Autoimmunity to the glutamate receptor in mice--a model for Rasmussen's encephalitis?

We investigated the in vivo pathogenic potential of murine autoimmunity to peptides of the glutamate/AMPA receptor subunit 3 ( GluR3). Antibodies to GluR3 are found in human epilepsy, Rasmussen's encephalitis (RE). In our accompanying paper in this issue we found that murine antibodies to the GluR3B peptide (amino acids 372-395) bind neurons in culture, evoke GluR channel activity, and kill neurons in a complement-independent excitotoxic manner, mimicking the pathophysiologic effects of excess of glutamate. In the present study, we immunized four mouse strains (BALB/c, C3H/HeJ, SJL/J and C57BL/6) with the GluR3B peptide, and investigated the development of (1) anti-GluR3B antibodies; (2) anti- GluR3 T cells; (3) clinical symptoms and abnormal behaviour; (4) brain pathology. We found that BALB/c, C3H/HeJ and SJL/J mice strains developed high titres of anti-GluR3B antibodies. The low levels anti-GluR3B antibodies raised in C57BL/6 mice suggest that the genetic background of mice influences their ability to mount a humoral autoimmune response towards the GluR3B peptide. The GluR3B-immunized mice also developed anti-GluR3B T cells, and their splenocytes showed significantly biased frequencies of particular (Vbeta11, Vbeta7 and Vbeta8) TCR Vbeta families.
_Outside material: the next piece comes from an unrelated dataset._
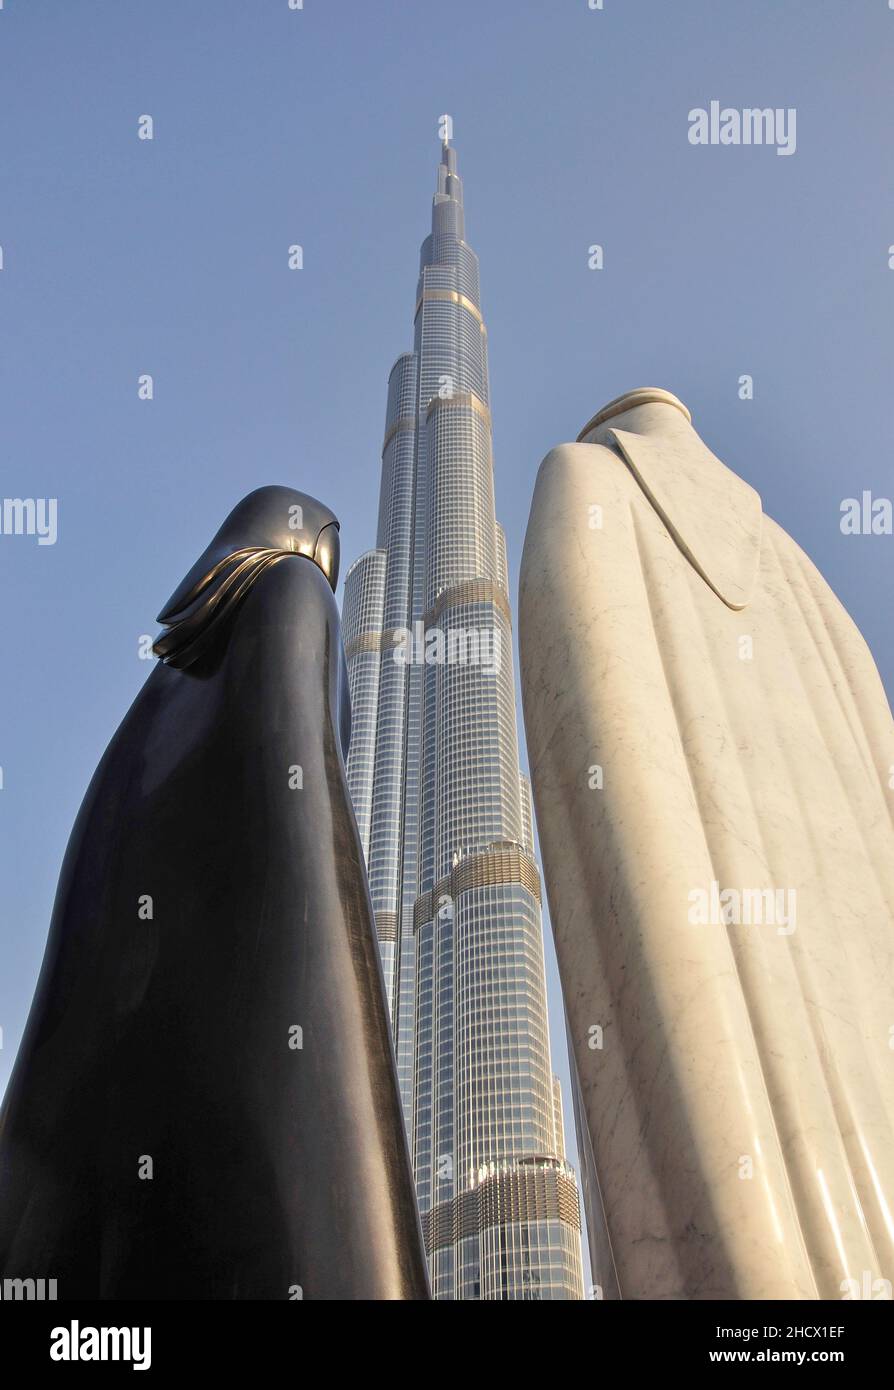 Das 'höchste' Burj Khalifa Gebäude der Welt und die arabische 'gemeinsam' Skulptur, Downtown Dubai, Dubai, United Arab Emirate Stockfoto

Surprisingly, GluR3B-immunized mice also raised high anti-ssDNA humoral immunoreactivity. GluR3B-immunized mice exhibited multiple brain pathology, partially resembling that observed in RE, and subclinical behavioral abnormalities, but no epilepsy, even upon facilitating the entry of the autoreactive antibodies into the brain, by weakening the blood-brain barrier. Taken together, these results suggest that autoimmunity to the GluR3B epitope may account for the neuronal death and brain pathology seen in neurodegenerative diseases like RE, but may not be sufficient to underly epilepsy, at least not in mice.[1]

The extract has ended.